You will find in this notebook some web scraping exercises to practice your scraping skills using `requests` and `Beautiful Soup`.

**Tips:**

- Check the [response status code](https://http.cat/) for each request to ensure you have obtained the intended content.
- Look at the HTML code in each request to understand the kind of info you are getting and its format.
- Check for patterns in the response text to extract the data/info requested in each question.
- Visit each url and take a look at its source through Chrome DevTools.

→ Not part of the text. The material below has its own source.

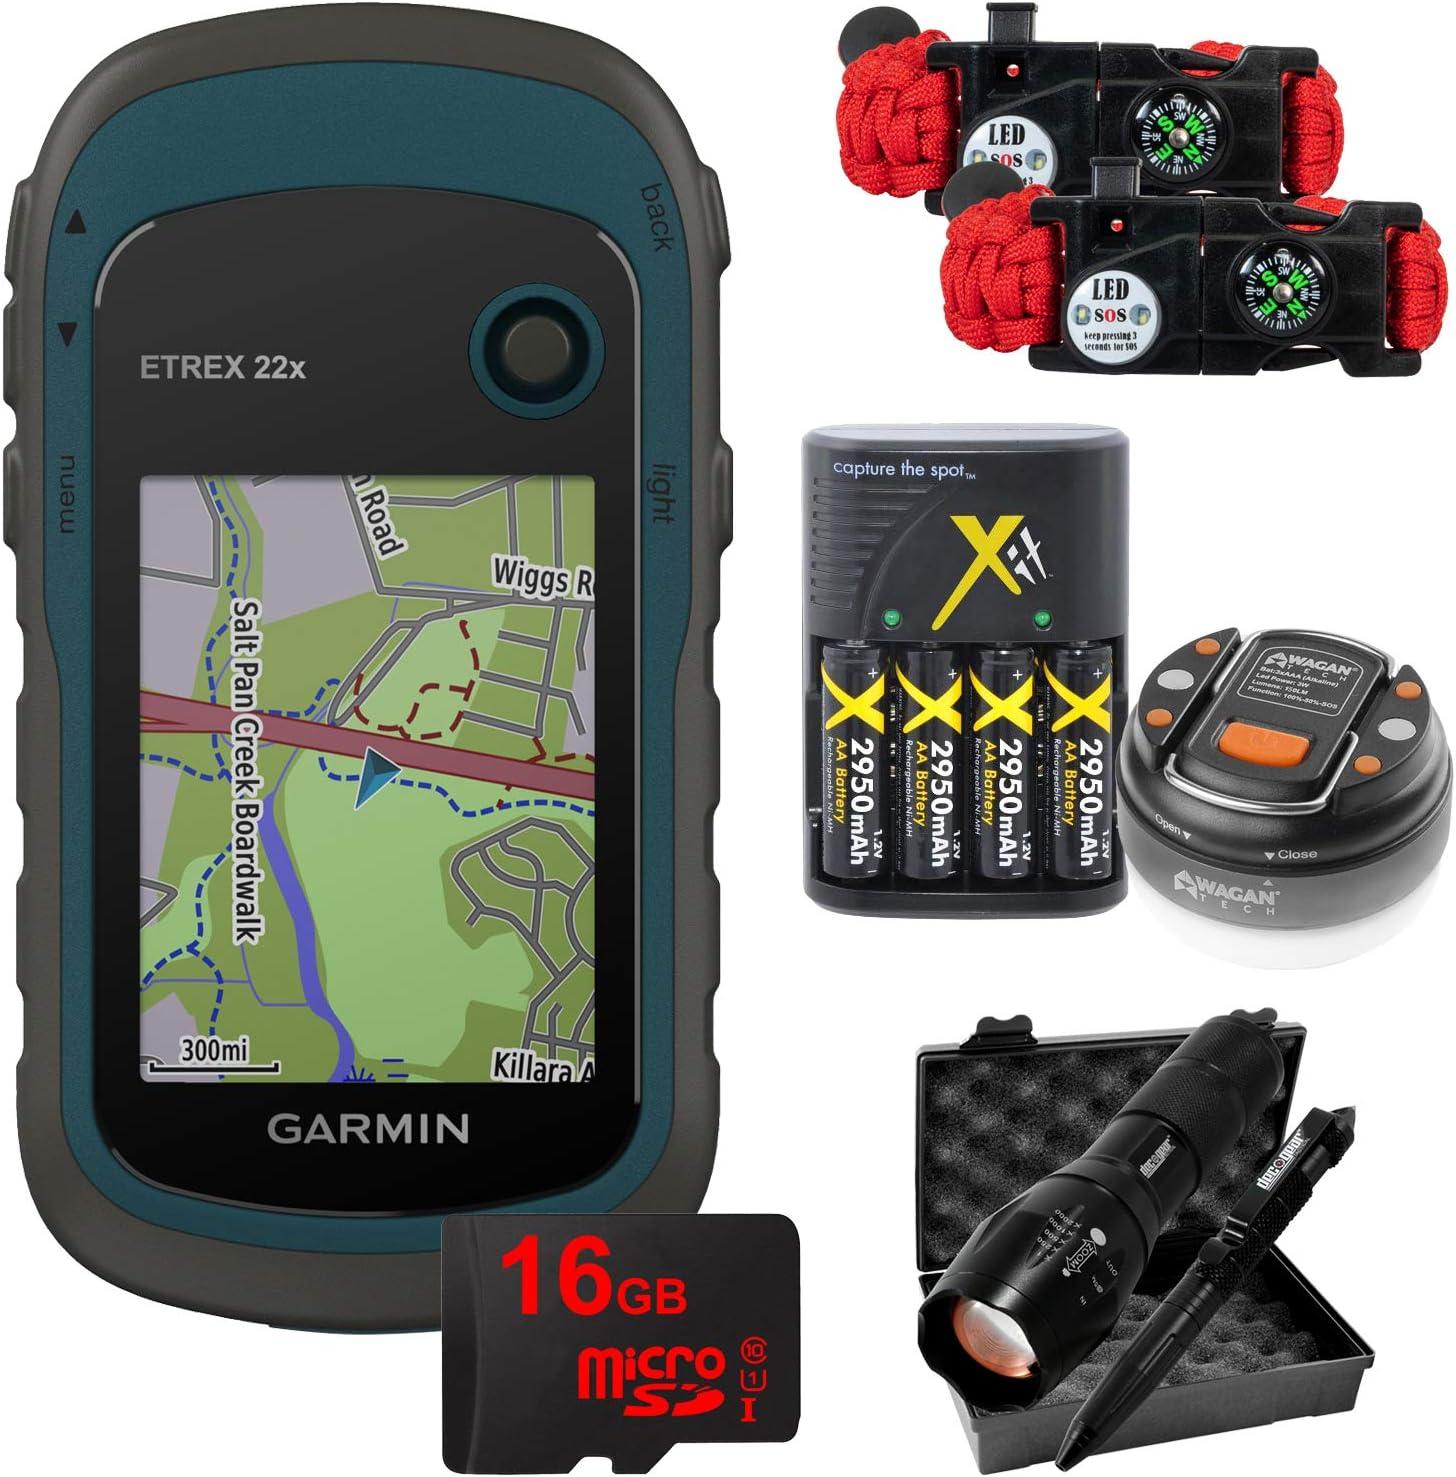 Garmin eTrex 22x: Rugged Handheld 2021 with Camping 16GB Save money GPS Hiking

You'll need to identify the html tags, special class names etc. used for the html content you are expected to extract.
- Check out the css selectors.

### Useful Resources
- [Requests library](http://docs.python-requests.org/en/master/#the-user-guide) documentation 
- [Beautiful Soup Doc](https://www.crummy.com/software/BeautifulSoup/bs4/doc/)
- [List of HTTP status codes](https://en.wikipedia.org/wiki/List_of_HTTP_status_codes)
- [HTML basics](http://www.simplehtmlguide.com/cheatsheet.php)
- [CSS basics](https://www.cssbasics.com/#page_start)

#### First of all, gathering our tools.

In [1]:
from selenium import webdriver
from webdriver_manager.chrome import ChromeDriverManager
from selenium.webdriver.chrome.options import Options
from selenium.webdriver.common.by import By

In [2]:
#Setting Driver options:
opciones=Options()
opciones.add_experimental_option('excludeSwitches', ['enable-automation'])
opciones.add_experimental_option('useAutomationExtension', True)
opciones.headless=True    # Chrome window won show
opciones.add_argument('--start-maximized')
opciones.add_argument('--incognito')

⚠️ **Again, please remember to limit your output before submission so that your code doesn't get lost in the output.**

#### Challenge 1 - Download, parse (using BeautifulSoup), and print the content from the Trending Developers page from GitHub:

In [3]:
PATH=ChromeDriverManager().install()
driver=webdriver.Chrome(PATH, options=opciones) #Cargamos Driver y opciones



Current google-chrome version is 98.0.4758
Get LATEST chromedriver version for 98.0.4758 google-chrome
There is no [linux64] chromedriver for browser  in cache
Trying to download new driver from https://chromedriver.storage.googleapis.com/98.0.4758.102/chromedriver_linux64.zip
Driver has been saved in cache [/home/vp/.wdm/drivers/chromedriver/linux64/98.0.4758.102]
  driver=webdriver.Chrome(PATH, options=opciones) #Cargamos Driver y opciones


In [4]:
# This is the url you will scrape in this exercise
URL = 'https://github.com/trending/developers'

driver.get(URL)

#### Display the names of the trending developers retrieved in the previous step.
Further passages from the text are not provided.